=== Section Start ===
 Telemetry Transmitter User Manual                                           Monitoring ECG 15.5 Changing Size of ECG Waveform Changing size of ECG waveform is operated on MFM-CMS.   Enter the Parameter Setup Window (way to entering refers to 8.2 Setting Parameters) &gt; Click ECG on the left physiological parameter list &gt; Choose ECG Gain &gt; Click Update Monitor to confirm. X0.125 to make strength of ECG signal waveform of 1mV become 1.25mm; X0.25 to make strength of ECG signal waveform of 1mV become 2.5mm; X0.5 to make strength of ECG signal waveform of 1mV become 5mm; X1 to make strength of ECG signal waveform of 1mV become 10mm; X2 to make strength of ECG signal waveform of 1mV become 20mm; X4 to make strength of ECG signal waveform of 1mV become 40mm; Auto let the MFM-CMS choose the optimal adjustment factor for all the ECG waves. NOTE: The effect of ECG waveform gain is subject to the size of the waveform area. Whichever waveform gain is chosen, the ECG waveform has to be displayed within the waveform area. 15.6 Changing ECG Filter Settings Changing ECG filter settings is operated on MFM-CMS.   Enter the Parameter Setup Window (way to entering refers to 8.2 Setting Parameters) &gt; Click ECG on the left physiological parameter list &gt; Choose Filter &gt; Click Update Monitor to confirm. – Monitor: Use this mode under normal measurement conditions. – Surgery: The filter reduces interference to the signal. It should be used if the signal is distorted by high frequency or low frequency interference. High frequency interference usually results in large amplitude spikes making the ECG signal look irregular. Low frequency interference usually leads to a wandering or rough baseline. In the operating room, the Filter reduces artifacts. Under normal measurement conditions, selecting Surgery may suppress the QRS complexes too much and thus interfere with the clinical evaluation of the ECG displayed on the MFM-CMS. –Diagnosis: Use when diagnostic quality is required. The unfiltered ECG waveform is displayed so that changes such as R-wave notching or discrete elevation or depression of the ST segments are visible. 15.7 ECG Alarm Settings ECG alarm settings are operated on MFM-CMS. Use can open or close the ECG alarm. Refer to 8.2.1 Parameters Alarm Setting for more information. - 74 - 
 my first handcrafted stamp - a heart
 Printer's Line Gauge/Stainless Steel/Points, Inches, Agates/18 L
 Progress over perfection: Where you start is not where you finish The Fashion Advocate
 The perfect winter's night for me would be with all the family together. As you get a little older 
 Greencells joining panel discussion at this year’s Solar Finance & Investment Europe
=== Section End ===
**AIM OF THE EXERCISE**
From the line containing "Progress over perfection: Where" to the final line above, output everything. Change nothing and add nothing.

**RESPONSE AREA**
 Progress over perfection: Where you start is not where you finish The Fashion Advocate
 The perfect winter's night for me would be with all the family together. As you get a little older 
 Greencells joining panel discussion at this year’s Solar Finance & Investment Europe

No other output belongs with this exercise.